It is an arrow view. In FIG. 1, reference numeral 36 denotes a bearing holder attached to the movable platen 1 via a bracket 50. Reference numeral 31 denotes a servo motor as a drive source of the ejector rod 43, which is supported by a bearing holder.
The ball screw shaft 32 (FIG. 4) attached to the servomotor 31 is rotated by the servomotor 31. 33
Is a ball nut screwed into the ball screw shaft 32.
Reference numeral 34 denotes a moving member (hereinafter, a ball nut holder) that supports the ball nut 33, and is movable in the direction of arrow a in FIG. 1 while being guided by a guide post 37 provided on a bearing holder 36. The ball screw shaft 32 is a bearing 35
(FIG. 4). Bearing 35
Are supported in the bearing holder 36.

Reference numeral 38 denotes a link attached downward to both ends of the ball nut holder 34.
9 is pin-connected, and a link 40 is pin-connected to the tip of the link 39. The link 40 is connected to a shaft 42 by a pin 41, and an ejector rod 43 is connected to a tip (lower end) of the shaft 42. Reference numeral 44 denotes a guide plate that guides the shaft 42 in the vertical direction, and is mounted on the movable platen 1. Reference numeral 45 denotes a link mechanism support mounted on the movable platen 1, and supports an intermediate position of the link 39 with a pin 45a. 46 is a servo motor control driver.

The ejector rod 43 having the above configuration
Works as follows. (Operation of Ejector) The following operation is performed in response to a command from the control driver 46. With the rotation of the servo motor 31,
By turning the ball screw shaft 32, the ball nut 33
Is converted into a linear motion in the vertical direction.

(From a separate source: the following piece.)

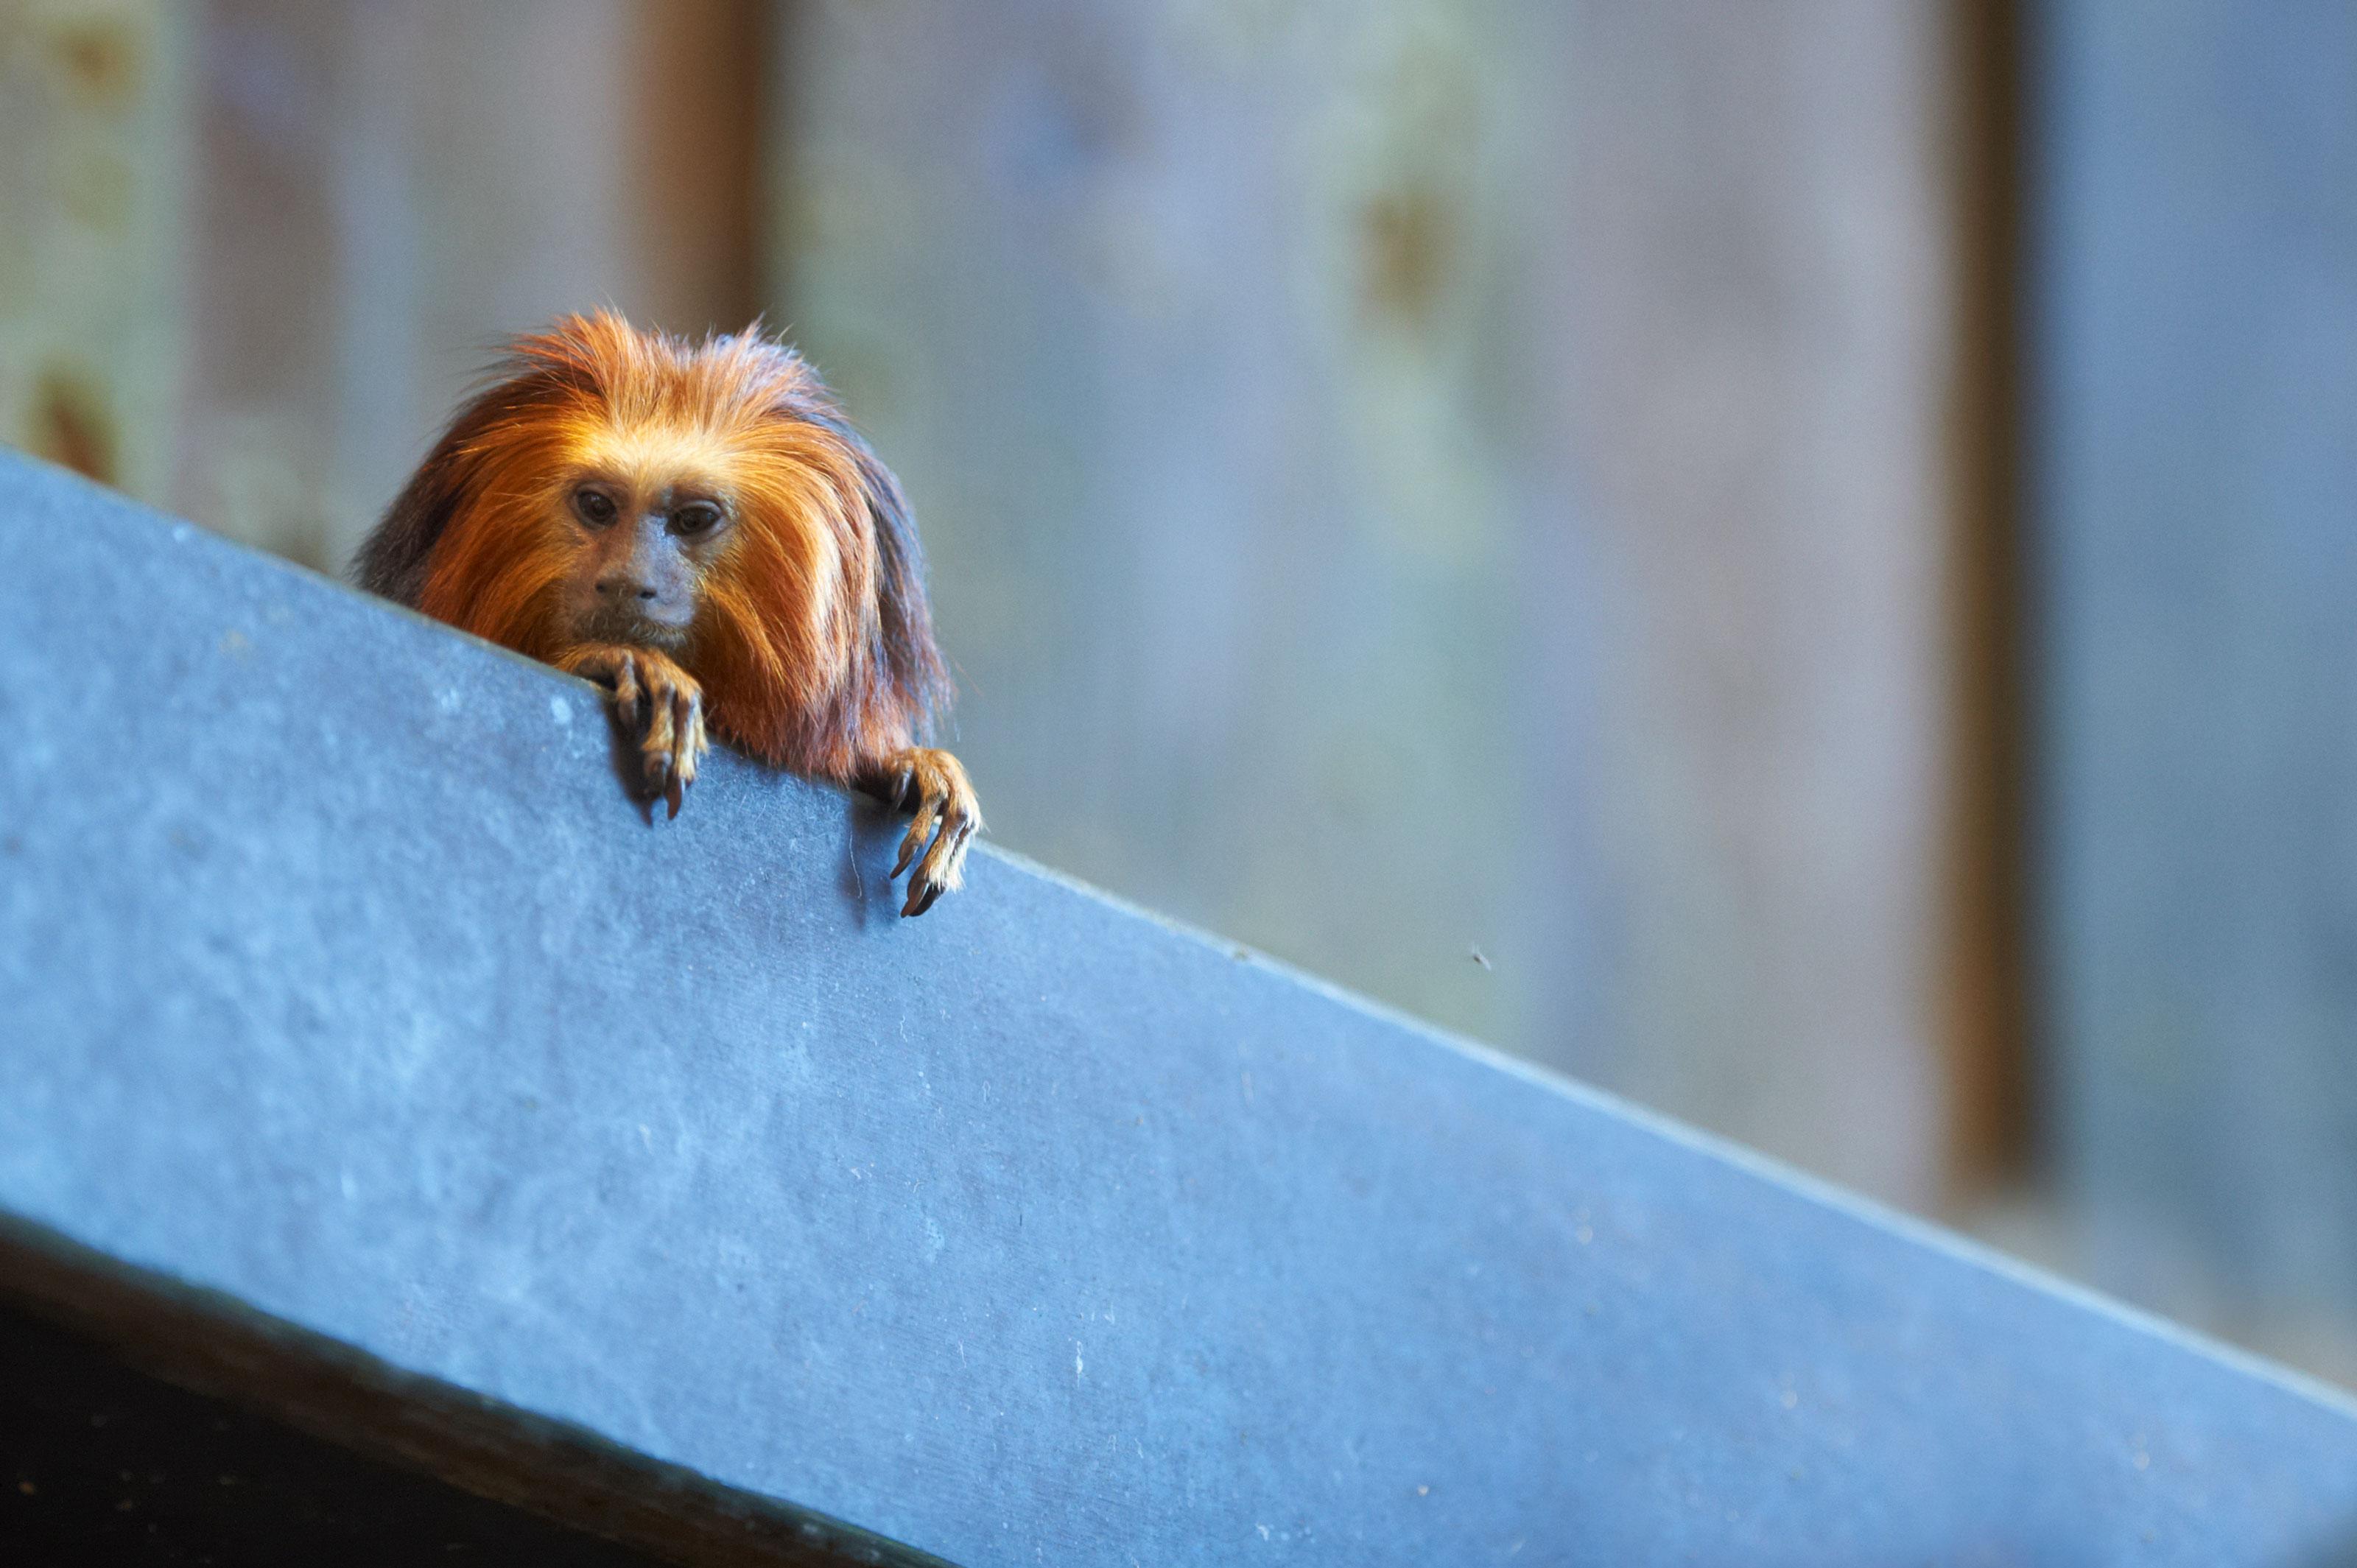 zoo Sjælland personlig assistent odense

As the servomotor 31 rotates forward and backward, the ball nut holder 34 guided by the guide post 37 moves vertically (arrow a) as shown in FIG. . The operation is transmitted to the link 39 via the link 38 connected to the ball nut holder 34, the link 39, and then transmitted to the shaft 42 by the link 40. Therefore, the ejector rod 43 attached to the shaft 42 with the screw 47 moves up and down (arrow b) as shown in the figure to operate the ejector plate 48.

With the above configuration, the two ejector rods 43, 43 can be arranged on both sides of the screw assembly 49, and the operation of the two ejector rods 43 is to simultaneously operate two links with one drive source. As a result, the ejector plates 48 are operated in perfect synchronism, and the ejector plates 48 are evenly pressed and operated. This tuning operation is performed by the ejector plate 48.
At the same time, the two ejector rods 43 need to be aligned so that the tip positions of the two ejector rods 43 are aligned.
The connection of the third shaft 42 to the shaft 42 is of a screw-in type using a screw 47, whereby the tip positions of the two ejector rods 43 can be adjusted.

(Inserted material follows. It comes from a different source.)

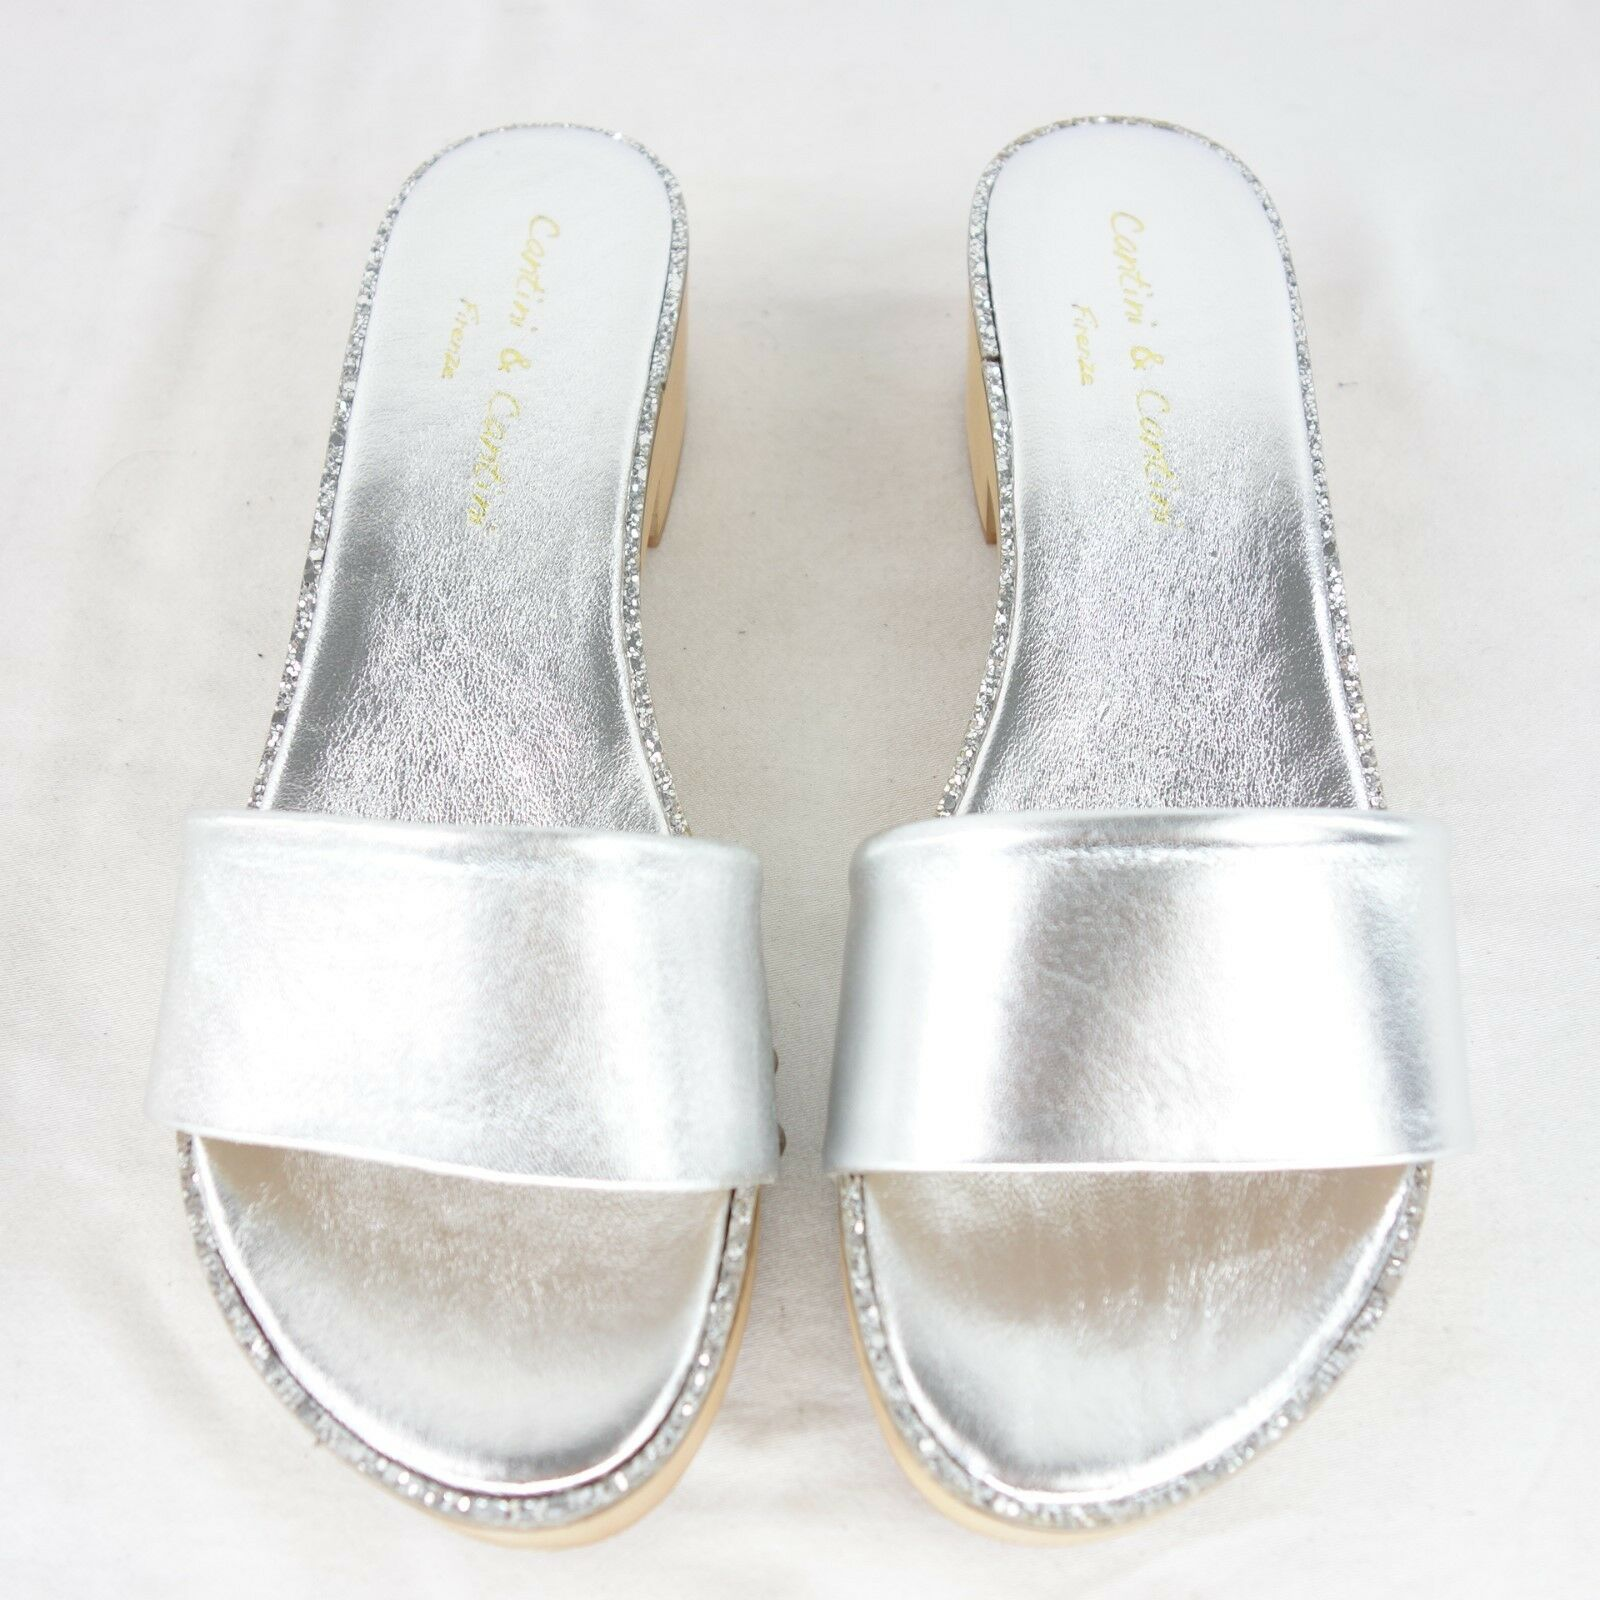 CANTINI & CANTINI Firenze Damen Pantoletten Clogs Gr 40 NEU Leder Schuhe NP 105 NEU 40 c0b7c2

In the above description, the servo motor 31 has been described as a drive source. However, any drive that operates the ejector rod 43 via a link mechanism may be used. For example, a hydraulic cylinder may be used as a drive source. Further, a screw jack or a rack-pinion method is also possible. Also, the case where the number of ejector rods is two has been described, but three or more ejector rods may be used. In this case, the number of links may be increased according to the number of ejector rods.

[0016]

According to the present invention, the linear motion of the drive source is controlled by a plurality of ejector rods 43 via the links 38, 39 and 40.
Transmitted simultaneously. Further, since the ejector rod 43 is connected to the shaft 42 by the screw 47, the tips of the plurality of ejector rods 43 can be adjusted. With these configurations,
The plurality of ejector rods 43 move in synchronization with each other, thereby preventing a non-synchronization failure as in the conventional hydraulic type.

[Brief description of the drawings]

FIG. 1 shows a main part of a vertical injection molding apparatus provided with an ejector device of the present invention.

FIG. 2 is a top view of FIG. 1;

FIG. 3 is a view taken in the direction of arrow B in FIG. 2;

FIG. 4 is a view taken in the direction of the arrow A in FIG. 1;

5A and 5B are schematic diagrams of a vertical injection molding machine to which the present invention is applied, wherein FIG. 5A shows a state when the mold is opened, and FIG. 5B shows a state when the mold is fully closed.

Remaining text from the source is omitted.